#### Task statement:
Pictures in the data should be dropped; transcribe exactly the lines from the one that has "Tappeto da interno-esterno" through the one that has "充血監督の深夜の運動会Vol.97 カップル盗撮 性交動画流出 104画像 59".
--- Data for the task ---
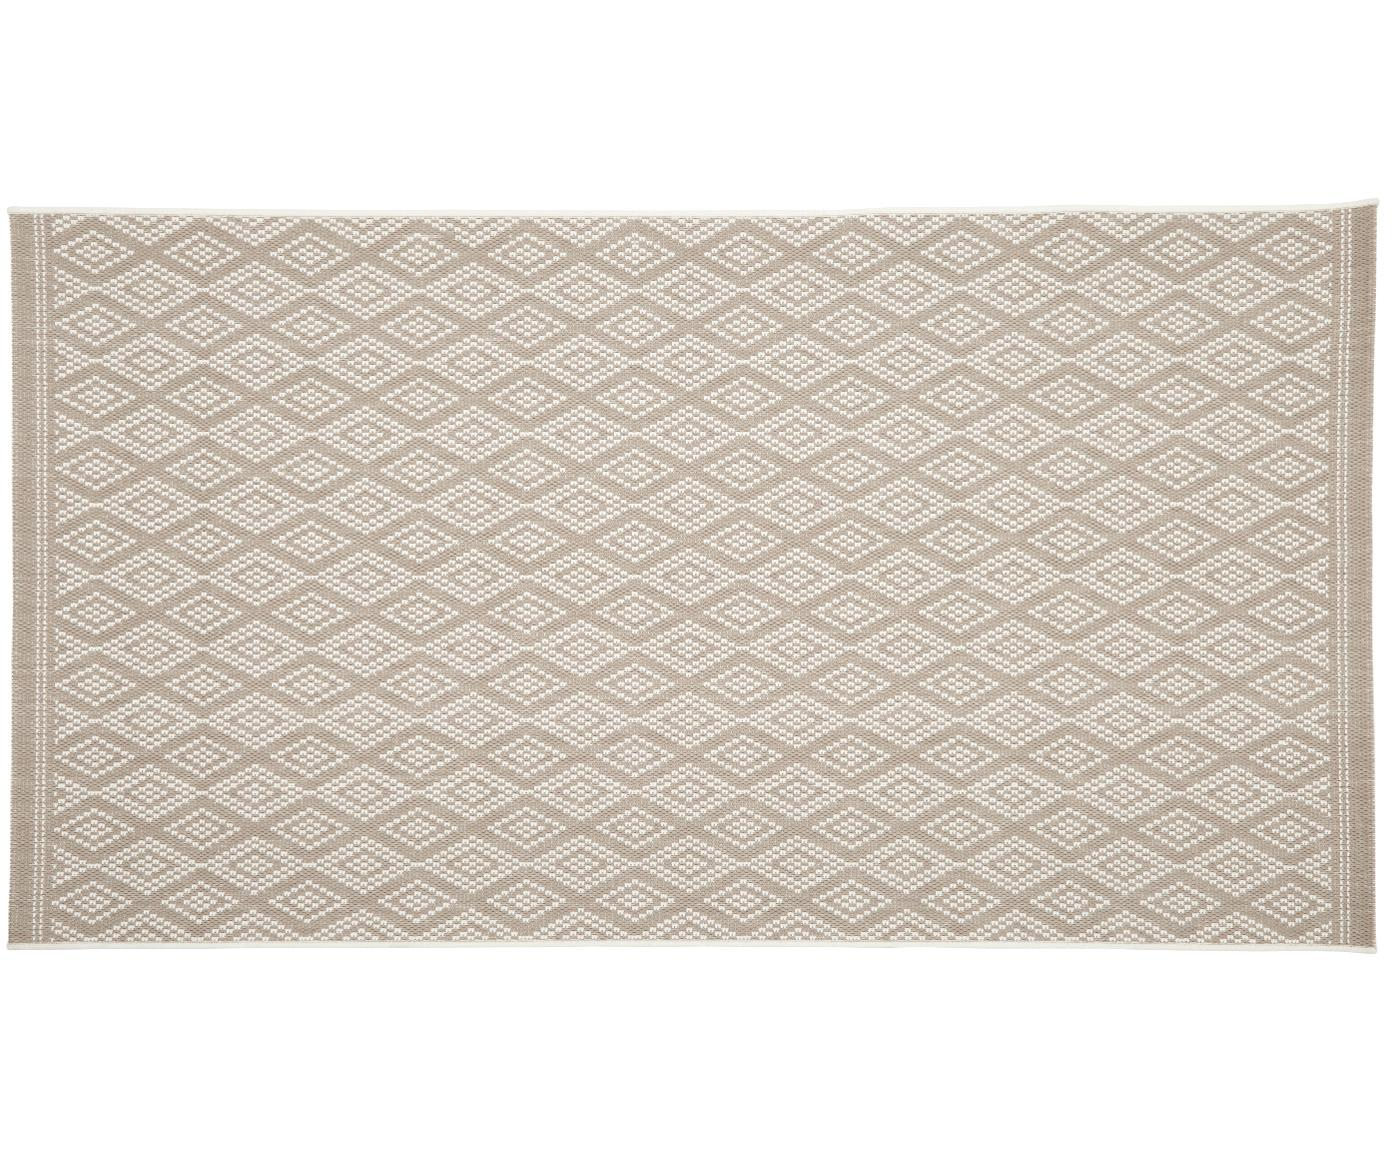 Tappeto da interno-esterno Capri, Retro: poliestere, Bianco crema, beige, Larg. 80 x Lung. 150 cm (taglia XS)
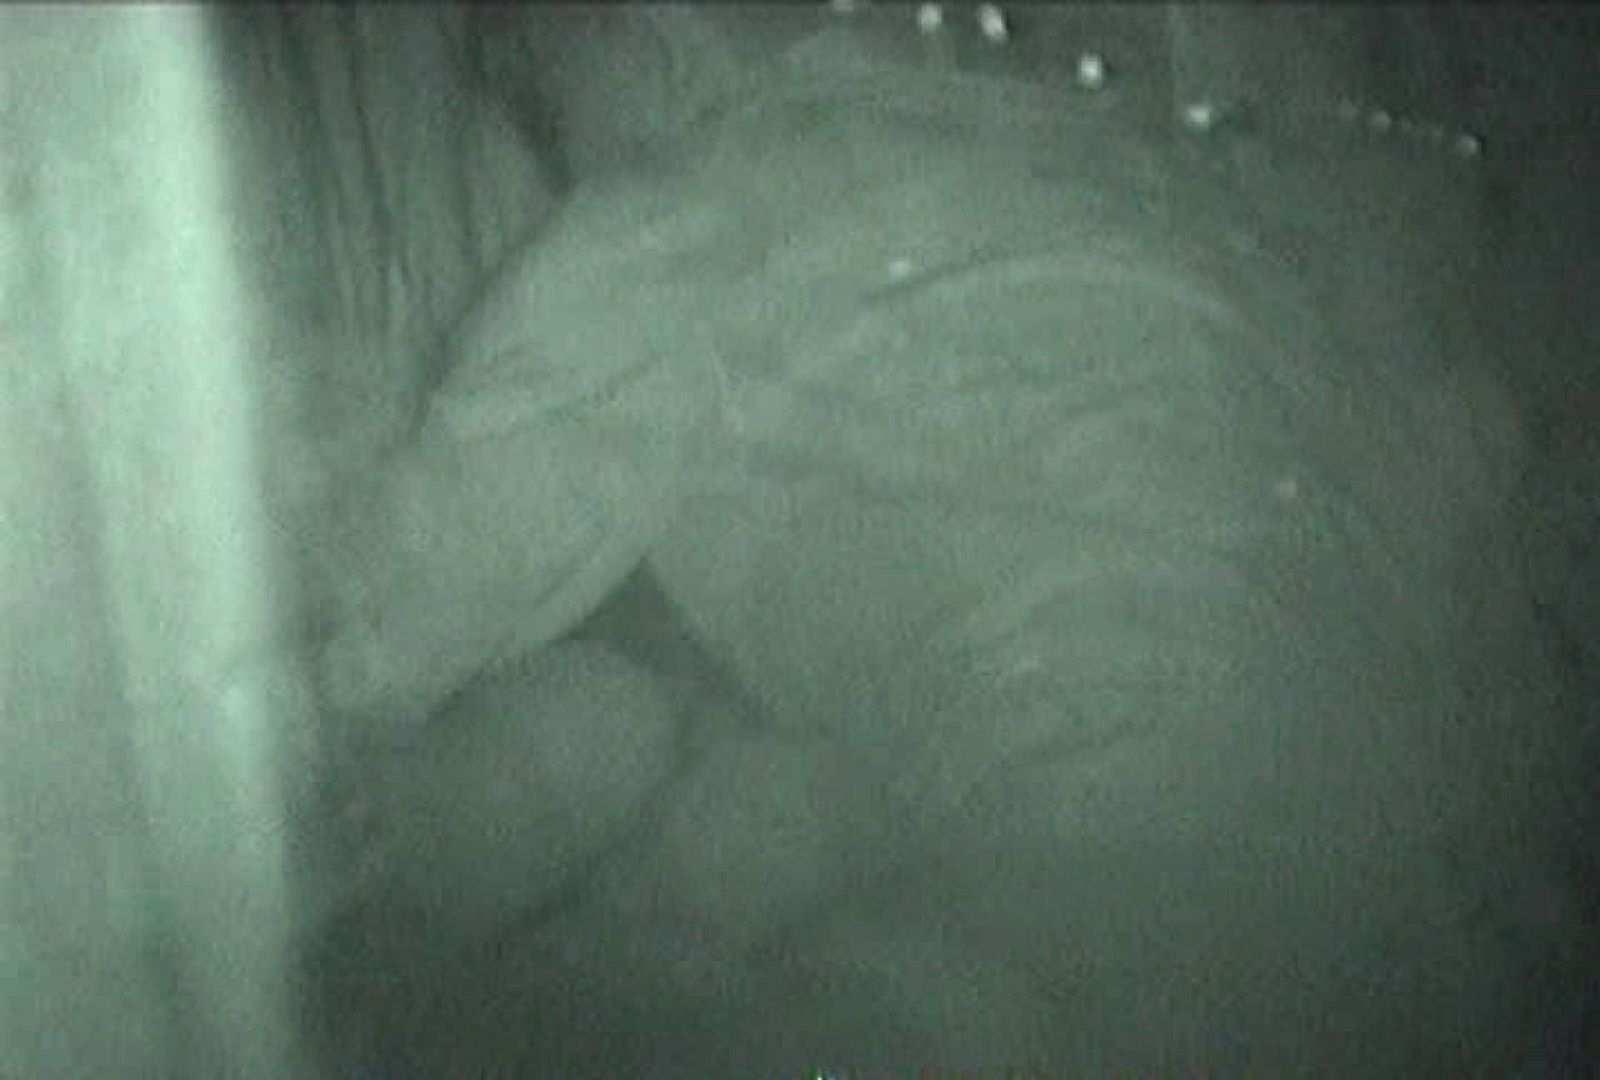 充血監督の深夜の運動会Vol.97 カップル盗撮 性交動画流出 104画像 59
---
--- Data for the task ---
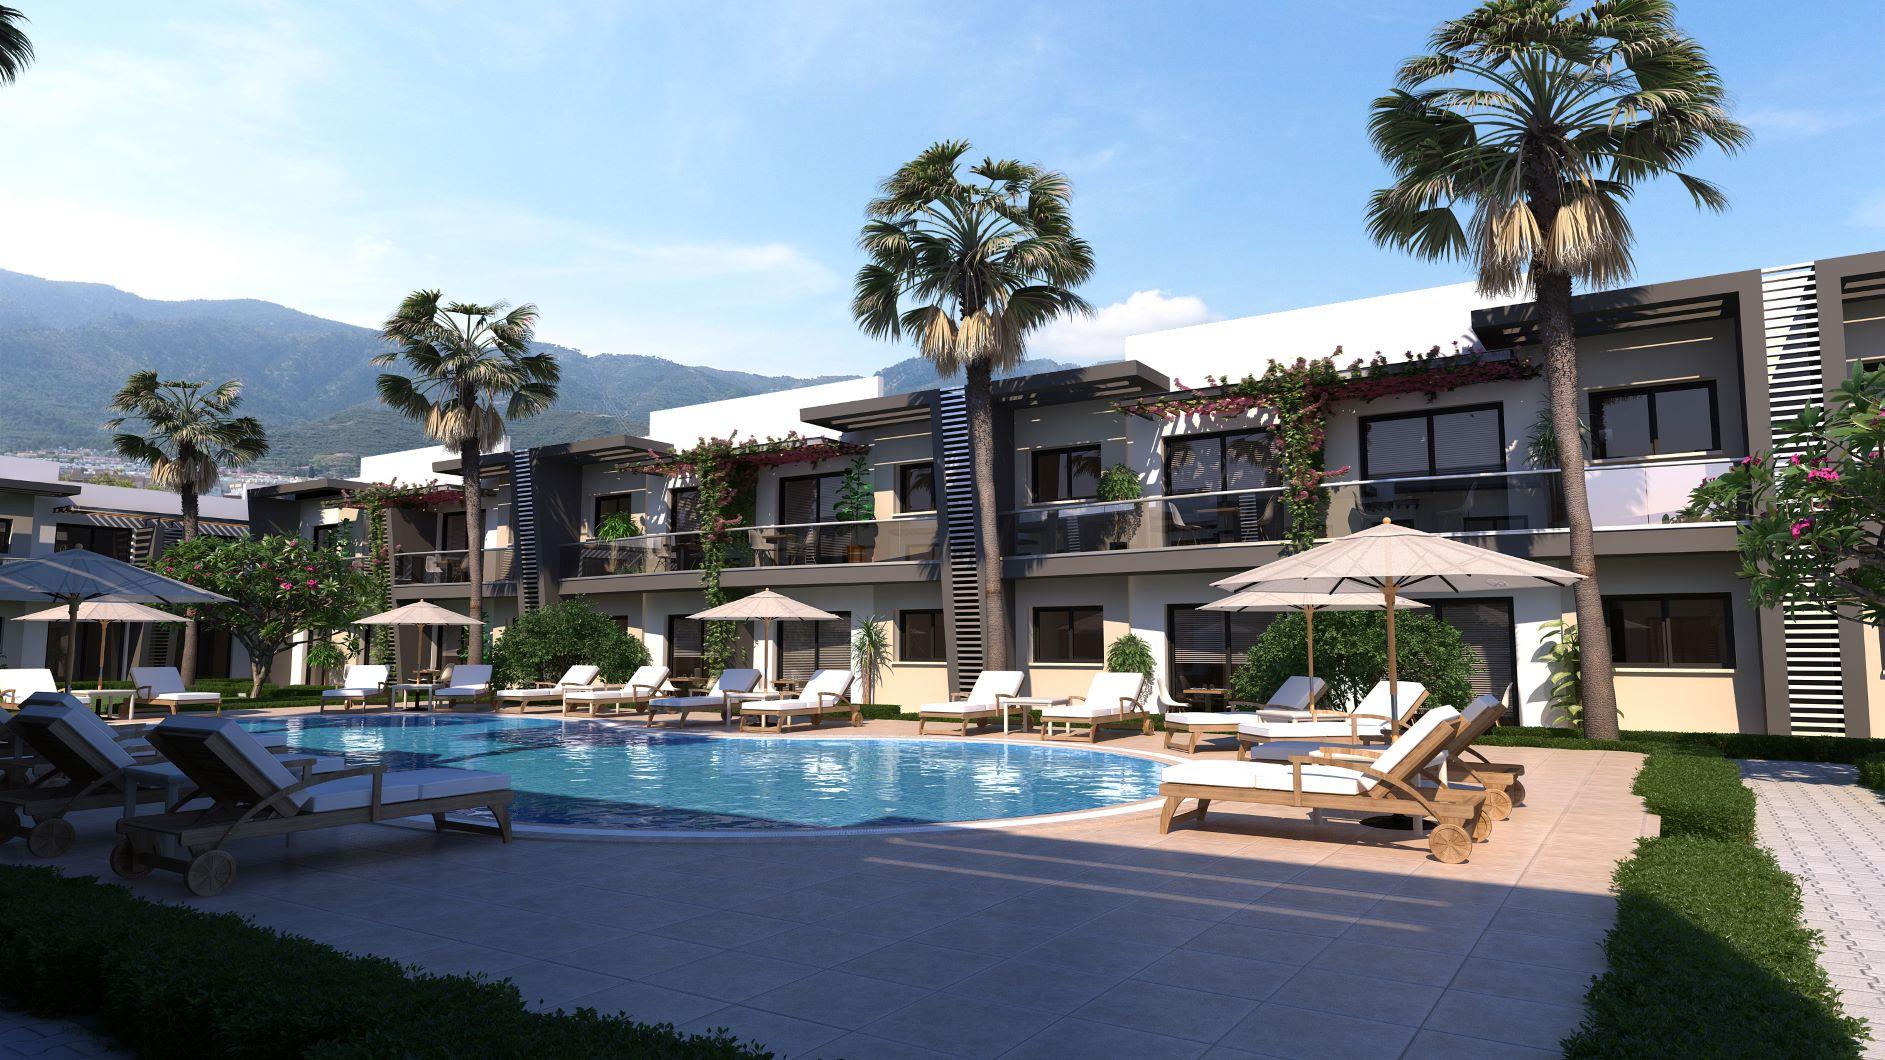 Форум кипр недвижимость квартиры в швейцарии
---
#### Answer to the exercise:
 Tappeto da interno-esterno Capri, Retro: poliestere, Bianco crema, beige, Larg. 80 x Lung. 150 cm (taglia XS)
 充血監督の深夜の運動会Vol.97 カップル盗撮 性交動画流出 104画像 59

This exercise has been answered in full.